バナナみたいにぶっとい指で、自分の胸と、そのお客さんたちの胸を、交互に指差す。
「……おまえ。こまったとき。おでに。いう。おで。たすける。おで。いのちかける」
おー。おー。おー。なんか金貨1枚と少々で命もらえちゃったぞー。
よかったじゃーん。
他のお客さんたちは、頭を掻いて、困った顔。
俺はしらん。
Cマートの店主は、店外のことまでは、関知しない。
俺はあくまで事務的に、極めて事務的に、チェーンソーを持ち出してきて、オークに売った。
共通語の説明書はすでにあったが、オーク語のオーク専用を作るのに、ちょっとかかった。

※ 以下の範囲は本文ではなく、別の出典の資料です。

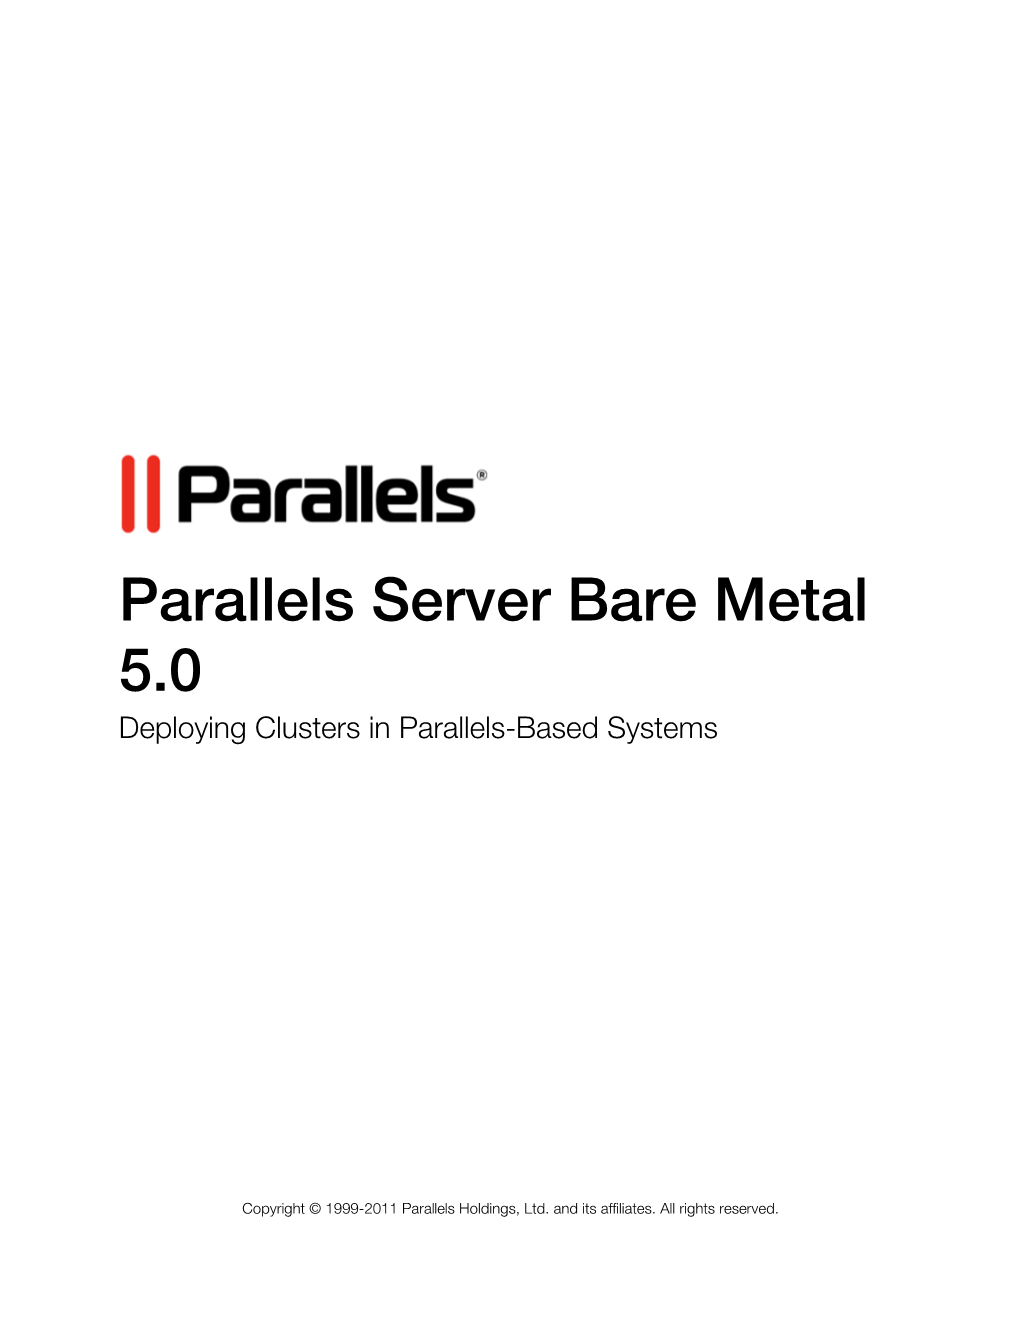 Parallels Server Bare Metal 5.0 Deploying Clusters in Parallels-Based Systems

バカエルフのやつがオーク語を書けるということに、俺も少々驚いたが、オークのほうがもっと遥かにびっくらこいていた。
……エルフとオークって、やっぱり、なんかあるのかな?
ま。どーでもいっかー。
今日のCマートは、特に無双ネタはなかったが……。
常連客が一人増えたんじゃないかと、そう思う。
新キャラ登場……かしらん?
なんかこのオークさん、気に入っちゃったので、またそのうち出番があるかと思います。